I would think that R3 gets stored into R1, but I cannot figure out what the #+0x01 does.

I have seem this notation elsewhere in my trace, and while I understand #0x01, I cannot figure out what the "+" does to a literal. What does "#+0x01" mean ?

Below is a screenshot of my instruction trace taken from Seggar's Ozone. enter image description here

\$\endgroup\$
  • \$\begingroup\$ As @ChrisStratton said, the link you provide is not to the STRB instruction. The instruction syntax you provide does not appear to be a valid syntax (the offset should be inside the square brackets). Do you know what the plus sign usually means if it is the first character in a literal value? \$\endgroup\$ – Elliot Alderson Jul 26 '18 at 16:29
  • \$\begingroup\$ @ElliotAlderson I do not. \$\endgroup\$ – Frankie Jul 26 '18 at 16:45
  • \$\begingroup\$ @ElliotAlderson I am assuming that Seggar is displaying the trace data correctly and that the syntax is correct. \$\endgroup\$ – Frankie Jul 26 '18 at 16:49
  • \$\begingroup\$ This is not the syntax of the ARMASM, but I assume that different assemblers can have a slightly different syntax. \$\endgroup\$ – Eugene Sh. Jul 26 '18 at 16:56
  • 1
    \$\begingroup\$ Here you go: segger.com/support/instruction-sets/arm/strb Third line under "Arm syntax (wide, v4T)" \$\endgroup\$ – Eugene Sh.
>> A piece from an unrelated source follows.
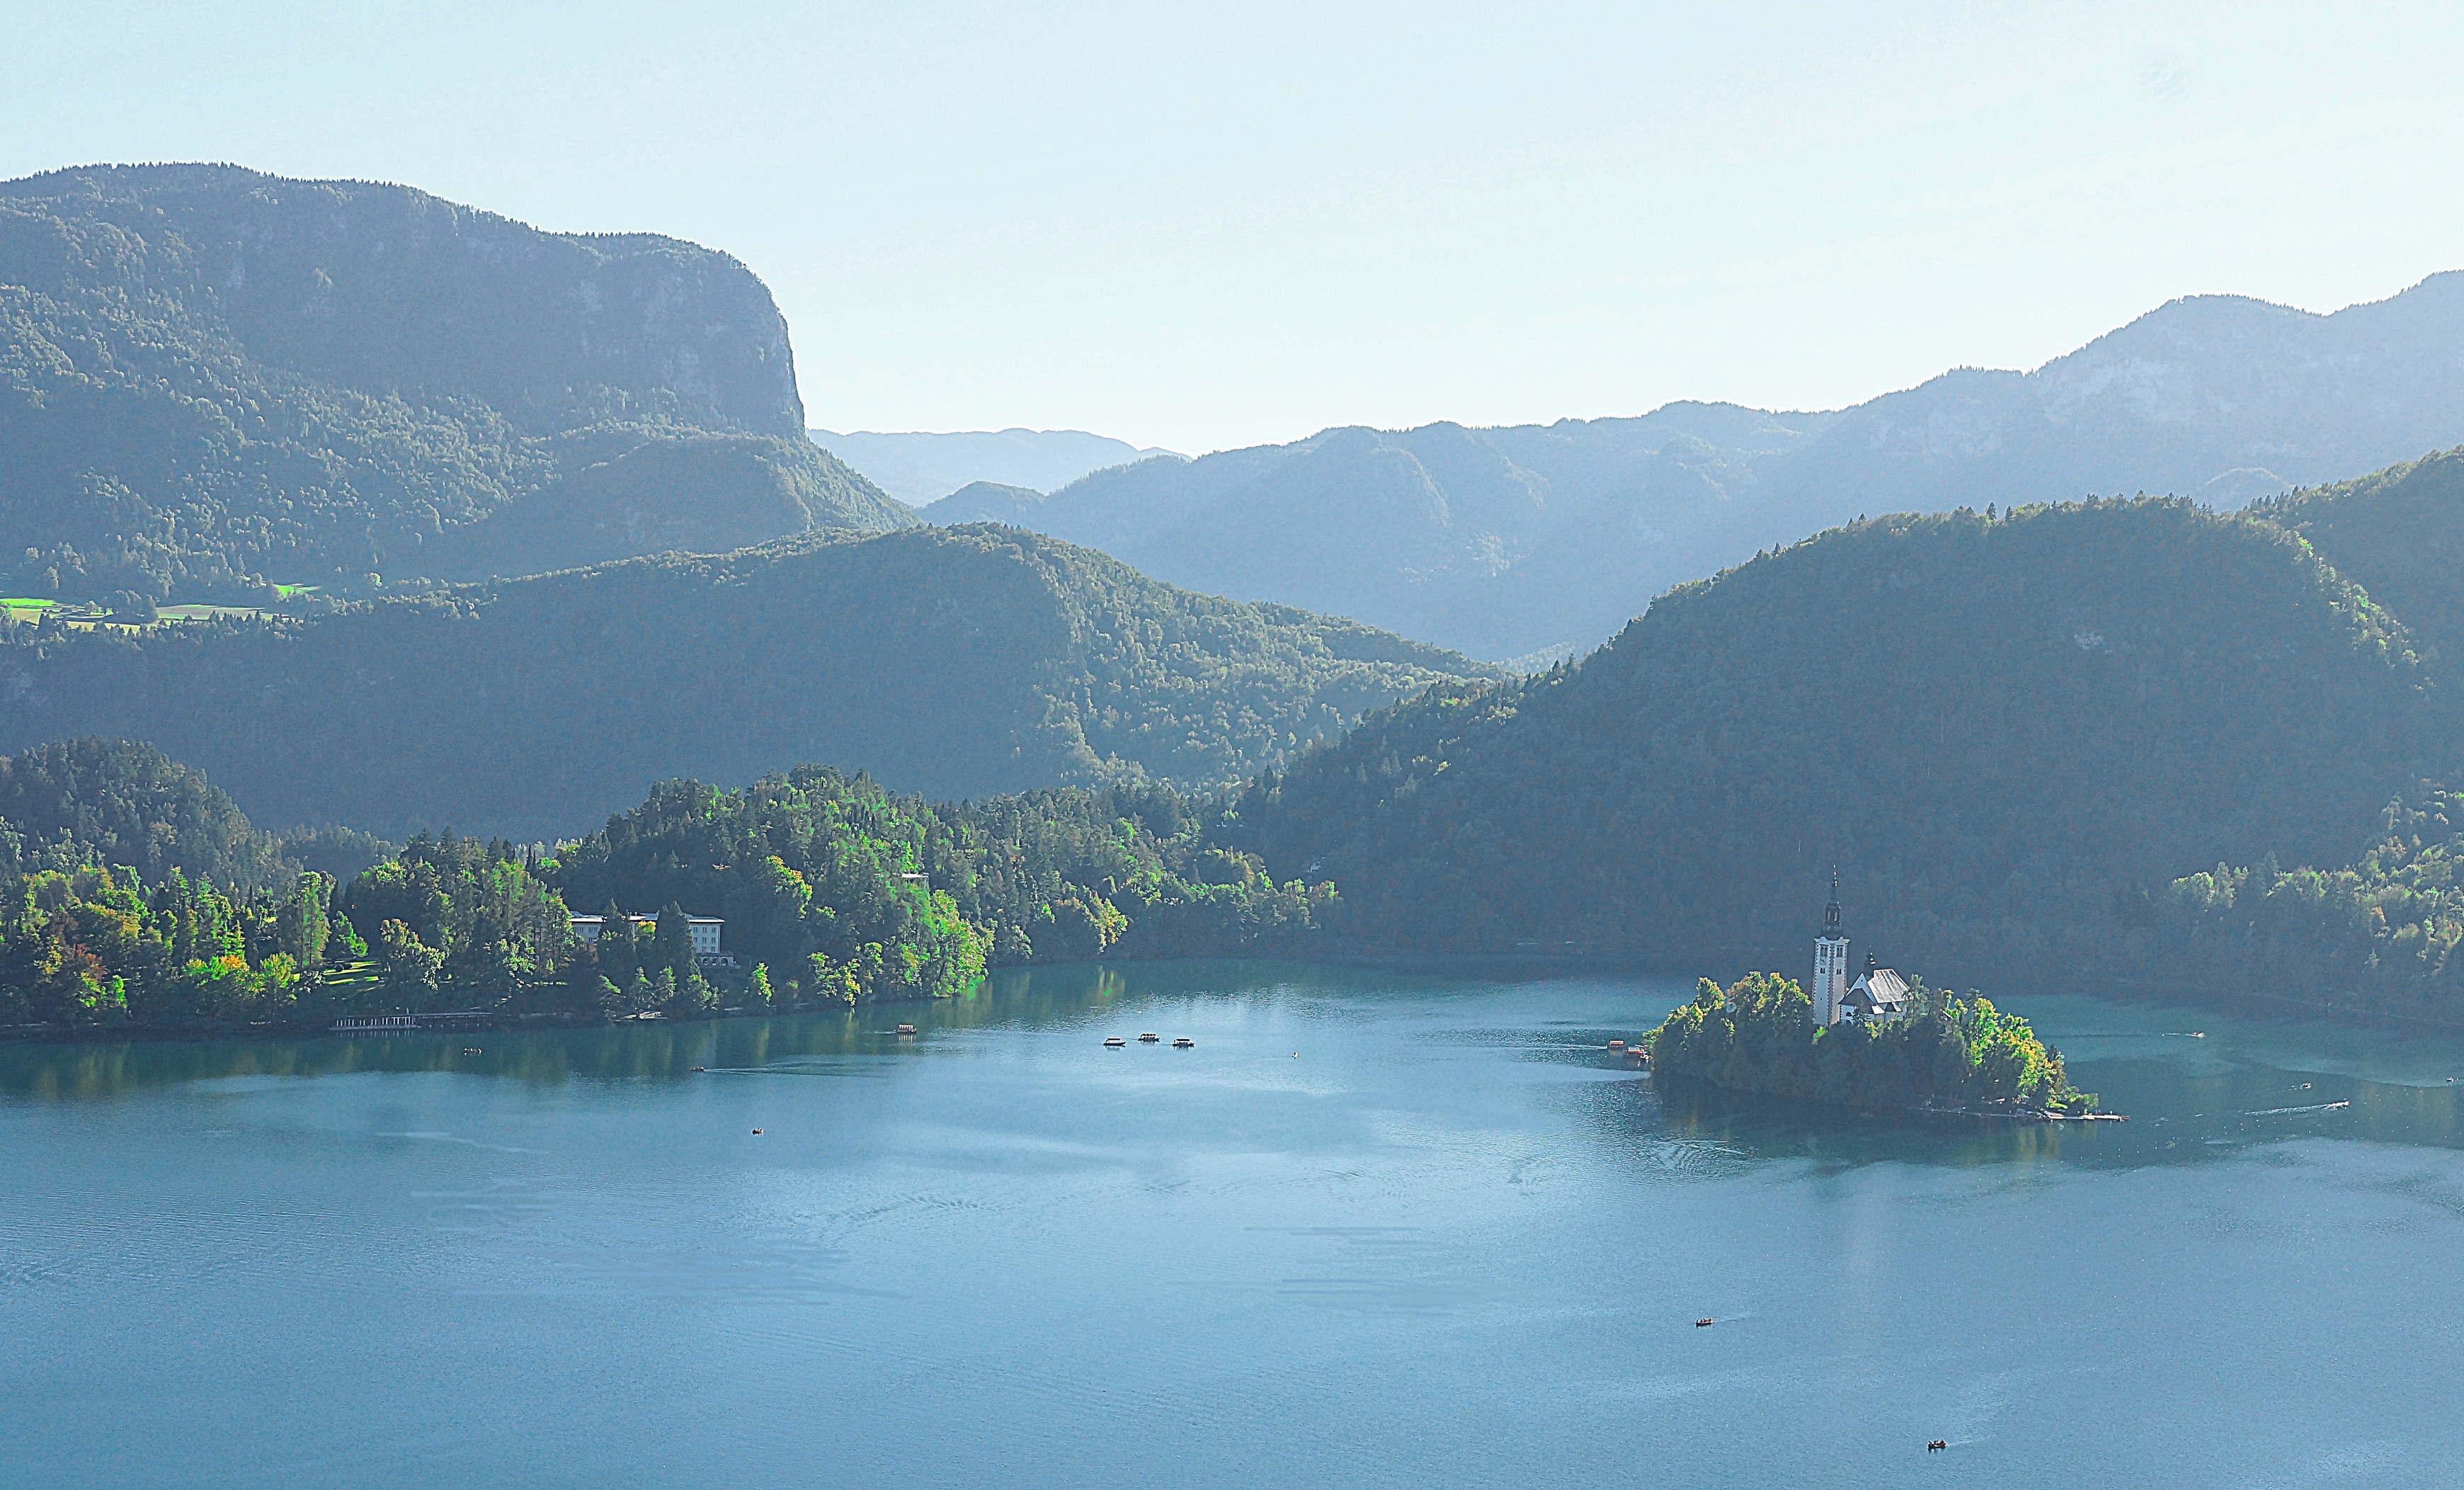 Озеро Блед в Словении с островком с церковью. Фото Морошкина В.В.

Jul 26 '18 at 16:58
3
\$\begingroup\$

Updated

As pointed out by @ChrisStratton in comments, the answer below ignored the fact that the processor in use does not support the 4-byte ARM instruction set, and only runs "Thumb" code. Based on this information, and the fact that the debugger shown in the question is apparently decoding 4-byte instructions (based on how the addresses increment for each instruction), it would appear that the debugger is misconfigured. There should be a setting to force it to disassemble code as thumb instructions; this needs to be enabled when working with Cortex M3 processors.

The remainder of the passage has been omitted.